Problem 43

ThePerfectHacker · #1 $Old$ 12-04-2007, 10:26 PM

1)Let $a_1,a_2,...,a_n$ be real (or complex) distinct numbers where $n\geq 2$ . Define $P_k = \prod_{j\not = k} (a_k - a_j)$ . Can it be that $P_1=P_2=...=P_n$ ?
(For example, let $a_1=1,a_2=2,a_3=3$ then $P_1 = (1-2)(1-3)=2$ , $P_2 = (2-1)(2-3)=-1$ , and $P_3=(3-1)(3-2)=2$ but all three are not the same in this case).

The next problem is for the younger kids so please give them a chance.

2)Let $f(x)$ and $g(x)$ be functions which you can differenciate. Note that $[f(x)g(x)]' = f'(x)g(x)+f(x)g'(x)$ . Can you find a formula for $[f(x)g(x)]^{(n)}$ where by $^{(n)}$ means to preform differenciation $n$ times repeatedly.

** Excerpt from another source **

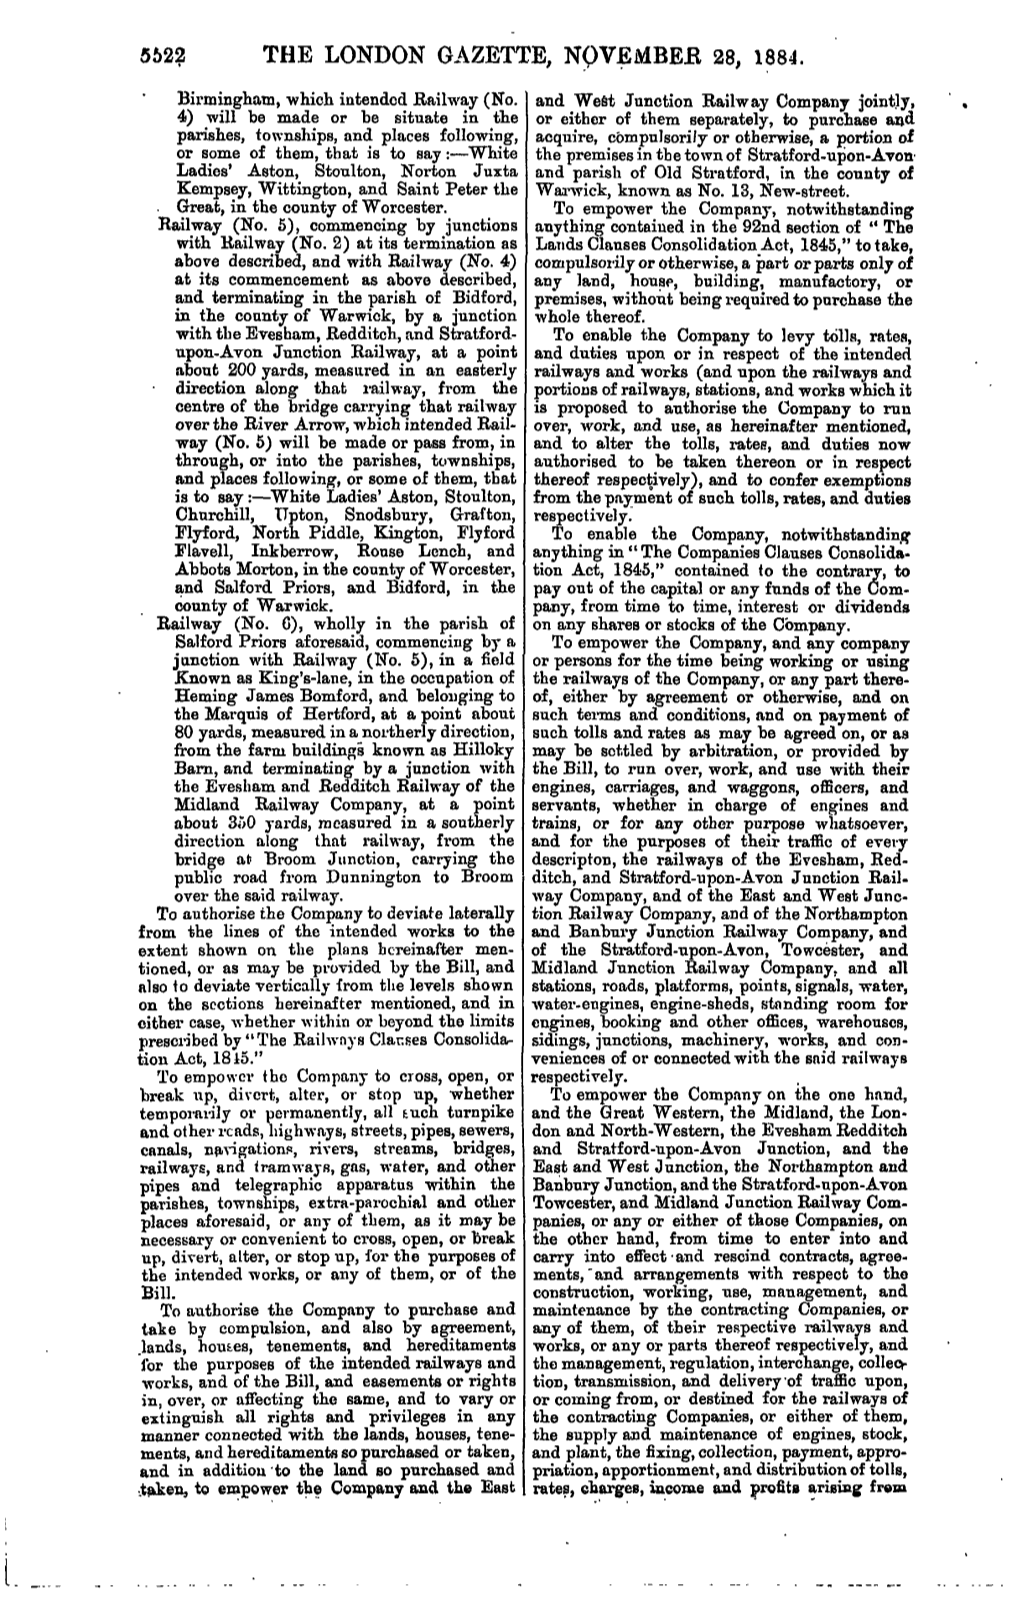 The London Gazette, Novembeb 28, 1884
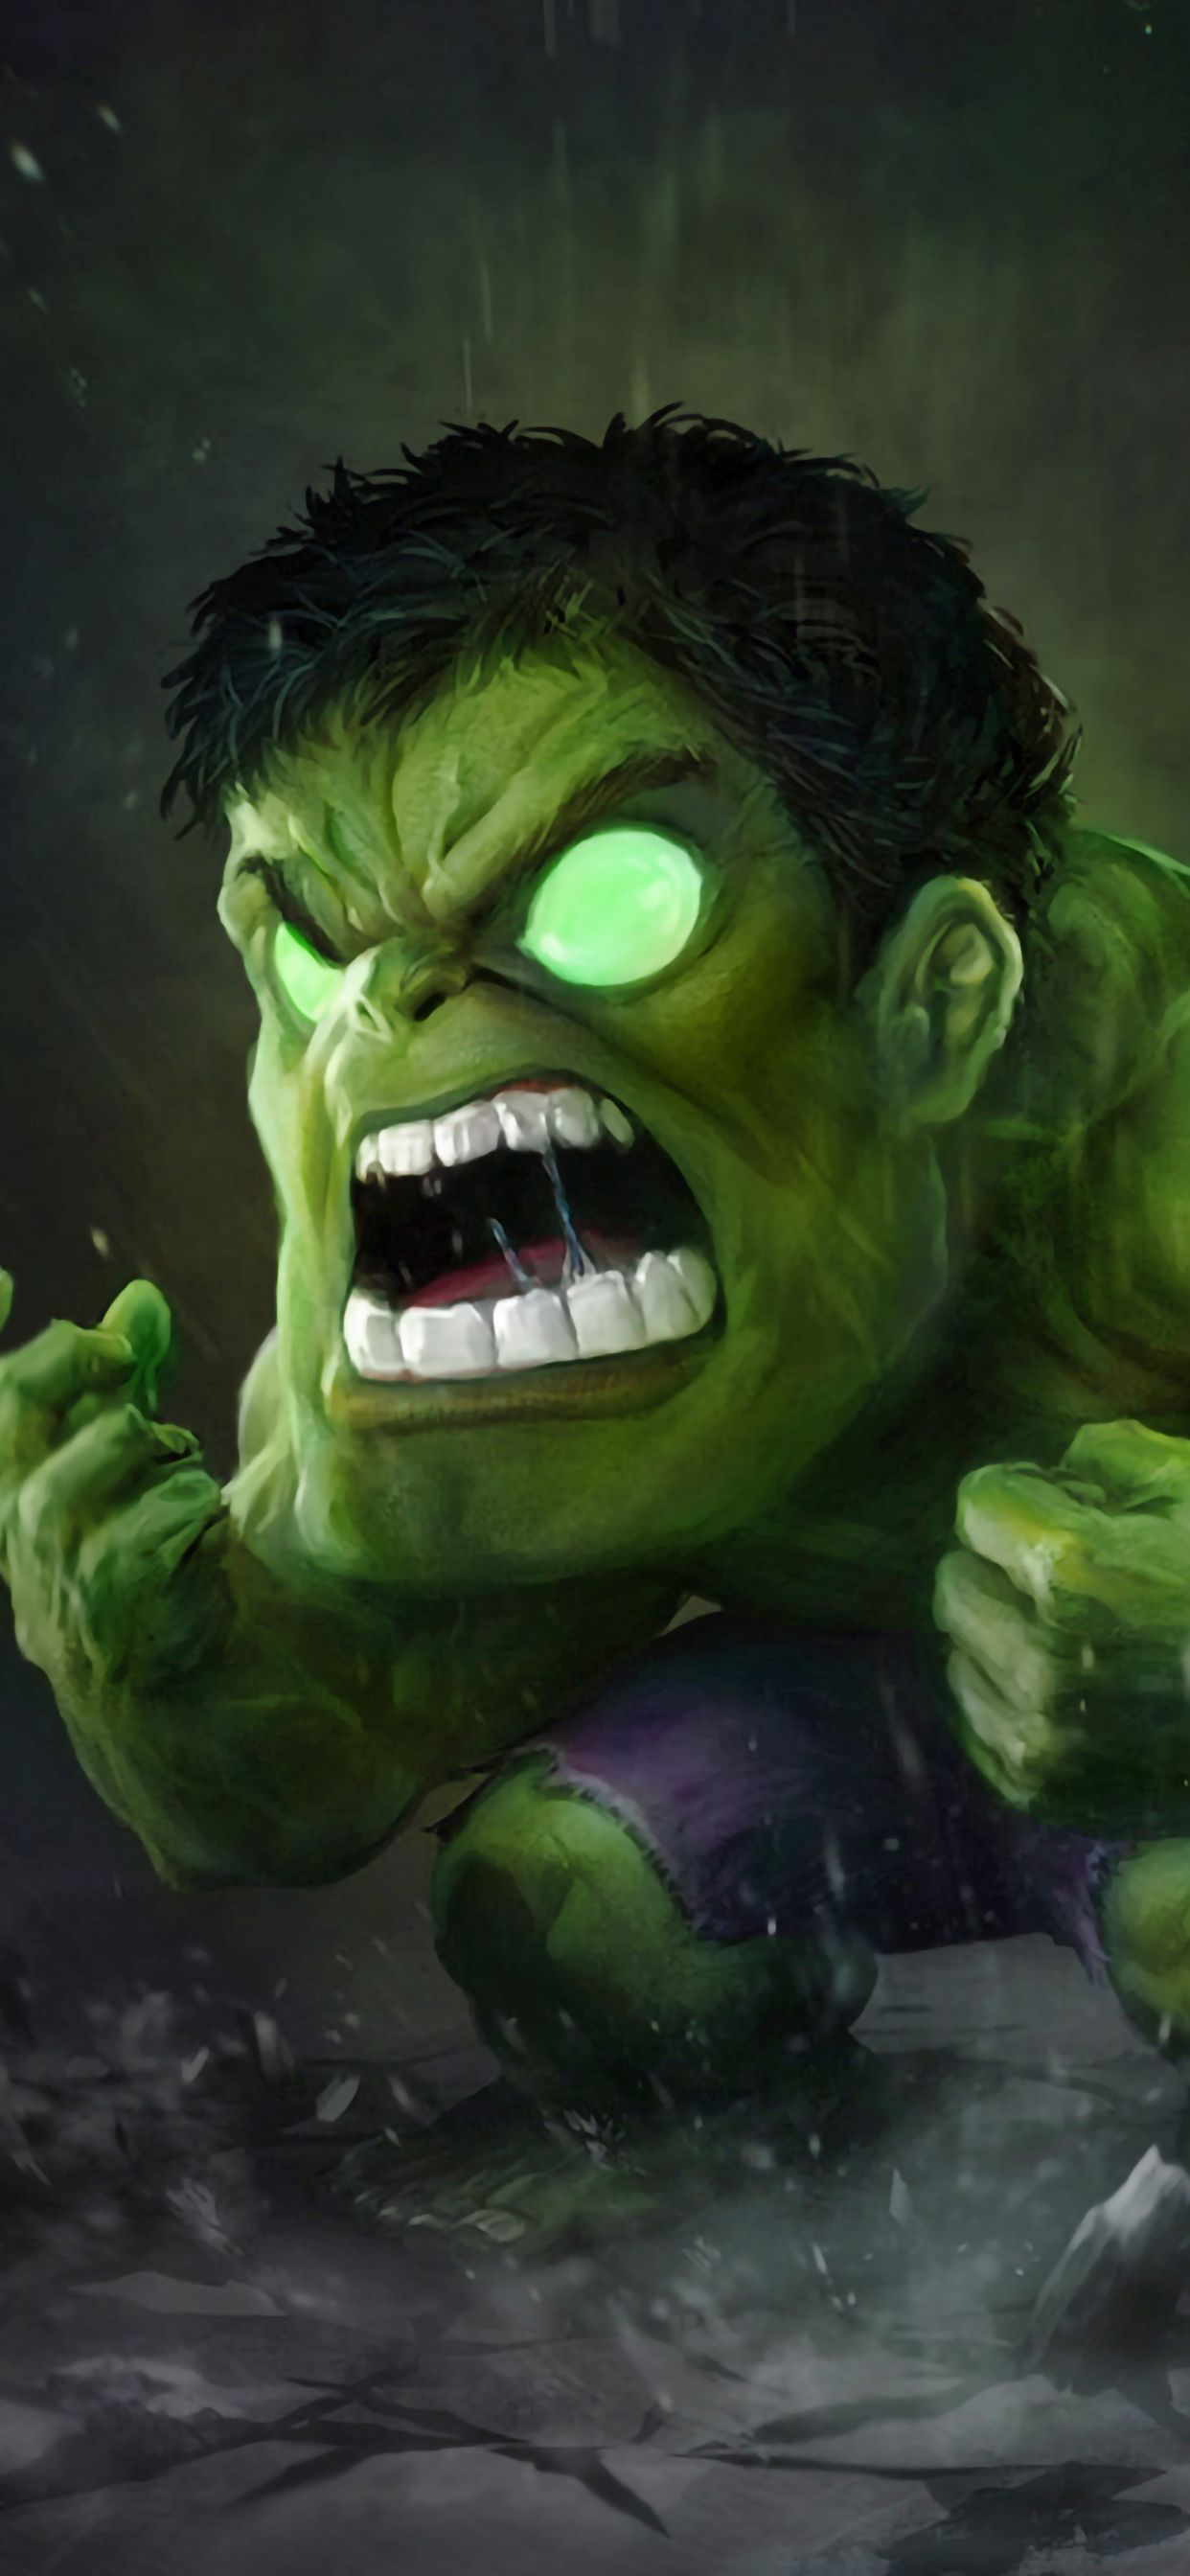 Small Angry Hulk iPhone XS MAX Wallpaper, HD Superheroes

DivideBy0 · #2 $Old$ 12-04-2007, 11:28 PM

Quote:

Originally Posted by ThePerfectHacker $View Post$

2)Let $f(x)$ and $g(x)$ be functions which you can differenciate. Note that $[f(x)g(x)]' = f'(x)g(x)+f(x)g'(x)$ . Can you find a formula for $[f(x)g(x)]^{(n)}$ where by $^{(n)}$ means to preform differenciation $n$ times repeatedly.

After a little experimenting:

$[f(x)g(x)]'=f'(x)g(x) + f(x)g'(x)$

$[f(x)g(x)]''=f''(x)g(x)+2f'(x)g'(x)+f(x)g''(x)$

$[f(x)g(x)]''' = f'''(x)g(x)+3f''(x)g'(x)+3f'(x)g''(x)+f(x)g'''(x)$

This reminds me of the binomial theorem:

$(x+y)^n = \sum_{k=0}^n {n \choose k}x^{n-k} y^{k}$

So perhaps

$[f(x)g(x)]^{(n)} = \sum_{k=0}^n {n\choose k} f^{n-k}(x) g^{k}(x)$

Where $h^n(x)$ denotes the nth derivative of $h(x)$

Nice problem

P.S Is there any way to hide text?

topsquark · #3 $Old$ 12-05-2007, 08:11 AM

Quote:

Originally Posted by DivideBy0 $View Post$

P.S Is there any way to hide text?

Color the text white.

-Dan

ThePerfectHacker · #4 $Old$ 12-05-2007, 10:51 AM

Quote:

Originally Posted by DivideBy0 $View Post$

Nice problem

Good job. This result is called "Leibniz's Rule".

topsquark · #5 $Old$ 12-11-2007, 10:06 AM

Quote:

Originally Posted by ThePerfectHacker $View Post$

1)Let $a_1,a_2,...,a_n$ be real (or complex) distinct numbers where $n\geq 2$ . Define $P_k = \prod_{j\not = k} (a_k - a_j)$ . Can it be that $P_1=P_2=...=P_n$ ?
(For example, let $a_1=1,a_2=2,a_3=3$ then $P_1 = (1-2)(1-3)=2$ , $P_2 = (2-1)(2-3)=-1$ , and $P_3=(3-1)(3-2)=2$ but all three are not the same in this case).

Since I know the way your mind works, there is something wrong with what I am about to say...

Consider the case n = 3. Then the question is can
$a_1a_2 = a_1a_3 = a_2a_3$
where all three are distinct?

Obviously not since $a_1a_2 = a_1a_3 \implies a_2 = a_3$ .

Now, there's got to be something screwy here because I can generalize this argument to larger n and come up with similar results. But I can't believe it would be this easy...

-Dan

ThePerfectHacker · #6 $Old$ 12-11-2007, 10:37 AM

I came up with problem #1 accidently when I playing around with polynomials. Here is my original solution, however it seems to me that this problem is easy even if approached directly.

Proof:
Let $a_1,...,a_n$ be real (or complex numbers) and define $f(x) = (x-a_1)...(x-a_n)$ . The key step is to note that $f'(x_k) = P_k$ by using the general product rule for derivatives. Now, $\deg f(x) = n\geq 2$ thus, $\deg f'(x) = n-1\geq 1$ , this means that $f'(x)$ cannot attain the same values at $a_1,a_2,...,a_n$ (meaning $f(a_1)=f(a_2)=...=f(a_n)$ ) because otherwise the situation is that a degree $n-1$ polynomial attains the same value $n$ times for $n$ distinct numbers. Which is impossible. Thus, $P_1,P_2,...,P_n$ cannot all be the same.